I pressed 'send' and held my breath.

A minute or so later, my text was returned.
'Thanks for letting me know – that should be fine. Stay safe and enjoy yourself!'

I sighed in relief, then checked the time, 5:30pm. This time, I was going to set an alarm.

We were sitting in Dee's old red truck. She was driving to a restaurant close to Senator Jones' office that Layla said was good.
We'd spent the afternoon planning, well, mostly Layla did all the planning, but the others contributed a little. The gist of it was this: we were going to eat dinner at the restaurant, then once the Senator's office was definitely closed, we would slip out the back and make our move.

Dinner was delicious, and the restaurant was extravagantly beautiful. I'd never been anywhere as fancy in my life. Red lanterns hung from the ceiling and we were seated at one of the secluded booths that hid along the walls of the eating area. A waiter came and handed out faux leatherbound menus.
Despite having the embarrassing realisation halfway through that I had forgotten my wallet, Layla immediately paid the bill for the whole group without any indication that her doing so was out of the ordinary.

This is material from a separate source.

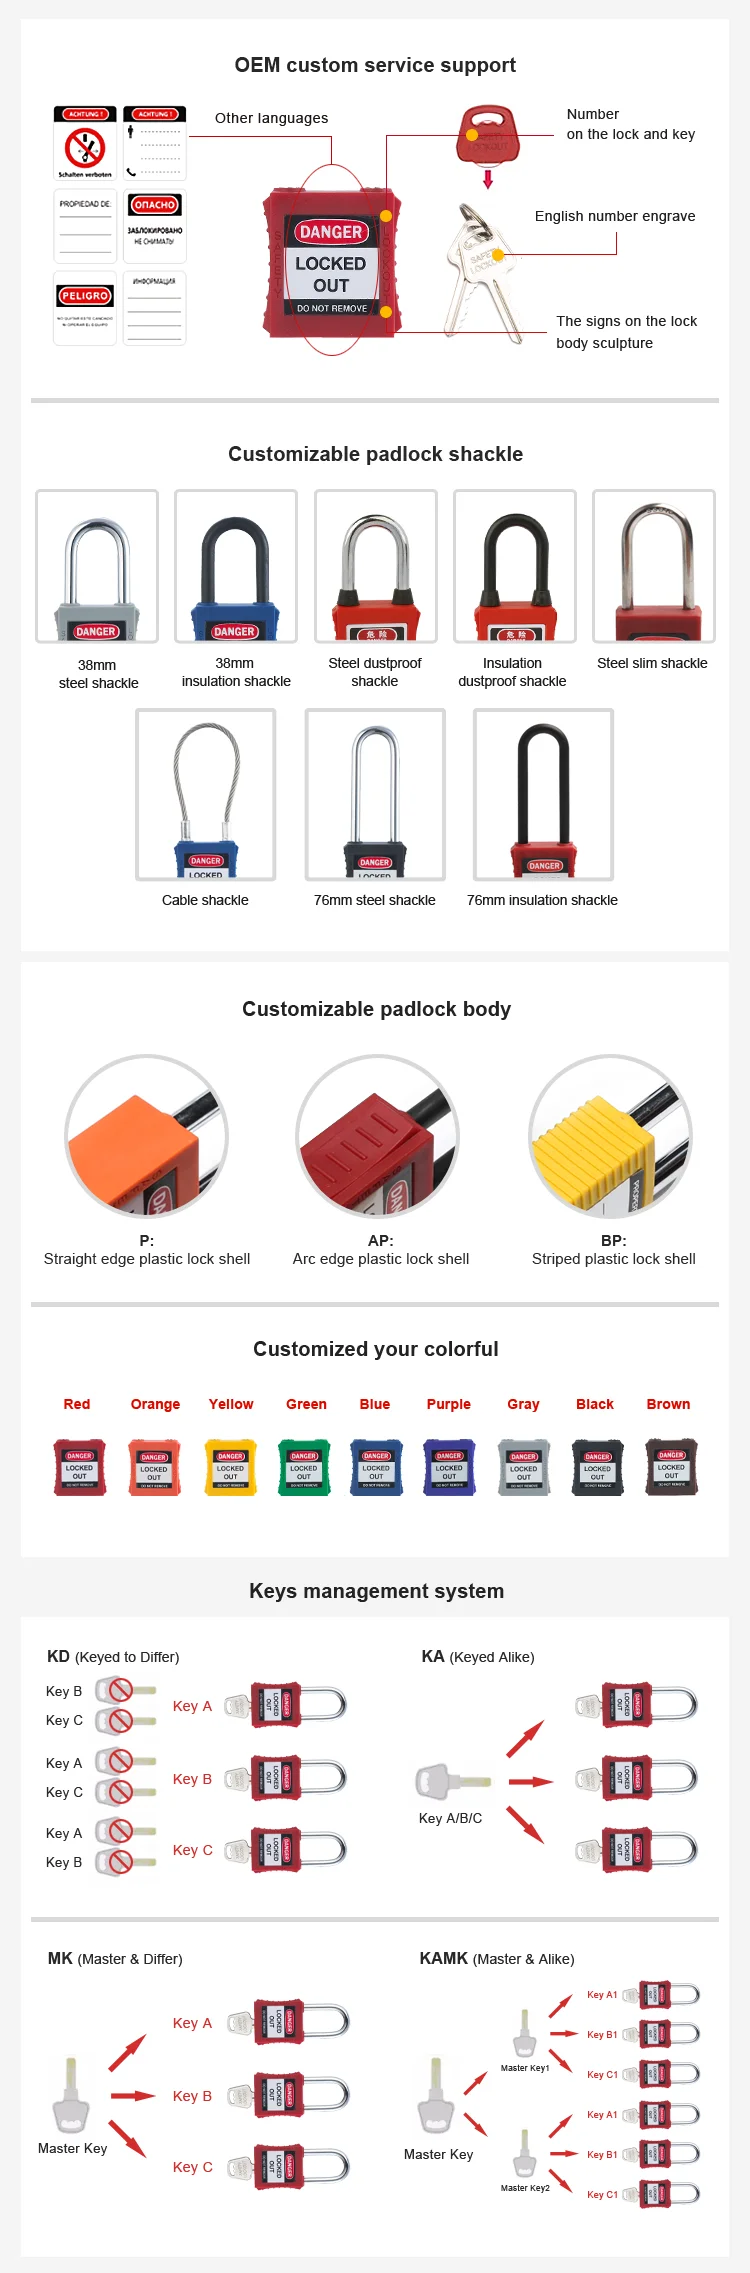 Brands Quality Custom 38mm Steel Shackle Safety Nylon Body Padlock

When it came time to leave, I was nervous.
In absence of my earbuds, my hands had gotten all tangled up in my shirt again.

Suddenly, I felt hands on mine.
I looked up, right into Jinn's warm brown eyes.

"Don't be nervous," he said, smiling, "you don't even have the hard part."

"Wont I be the first to get caught if someone finds out?" I asked, doubtful.

"Nah," he said, still smiling, but his eyes were perfectly serious, "you could bail anytime. No-one would know, but then someone could come in and catch us in the act."

"So I do have the hard part."

"Eh," he teased, "I'm not so sure what's hard about standing around."

I snorted, slowly releasing my t-shirt from its death-grip and settling gently into Jinn's warm hands.

Layla borrowed some black spraypaint from Oliver's collection and left to cover the CCTV.
As soon as she came back, we split up again. Dee and Layla went to check the building, Oliver and Jinn began painting the message, and I was left outside, staring into the darkness.

The closest streetlamp was fifty meters away, and it flickered uncertainly, making my heart flutter with it.

What am I doing? I thought I was going to find out more about the Pack, then turn over the leader or something, not basically join them!

I twisted my fingers into my shirt again.
I wished I had my earbuds with me. They made life so much easier.

Just block everything out. Let the world drift by without making any decisions.

The shadows danced, moving uncertainly through the familiar streets and creating phantom silhouettes. Don't think about it.

I heard the distance noise of aerosol and imagined the vandalism I was now an accomplice to. Don't think about it. It's not like you haven't done it before, and it's not like they aren't spraying the truth on that wall.

The streetlamp flickered again.

"So," Dee was suddenly beside me, "you're still here."

"Uh, yeah. I mean, I couldn't just leave you guys," I said, unnerved by the unreadable expression on her face.

"And another lamb gets led into the den…" Dee muttered, her hands squeezing in and out of fists at her sides.

"You-" I stopped, unsure if I wanted to ask, but deciding to continue, remember, be brave, Jules! "You okay?"

Dee ignored my question, and instead of answering, she stared off into the darkness, finally replying with, "D'ya know who this office belongs to?"

"The Senator?" I said, voice lifting up at the end, so it unintentionally became a question. This did not seem to be the Dee I was used to who played Mario Kart with me. I wondered about this side of her, and where she was taking the conversation.

"Senator Jones' office," she said bluntly, and I finally caught on.

"Wait, isn't Layla's last name…?"

"Yup."

Dee's face was still unreadable in the shifting shadows, and I shifted uncomfortably.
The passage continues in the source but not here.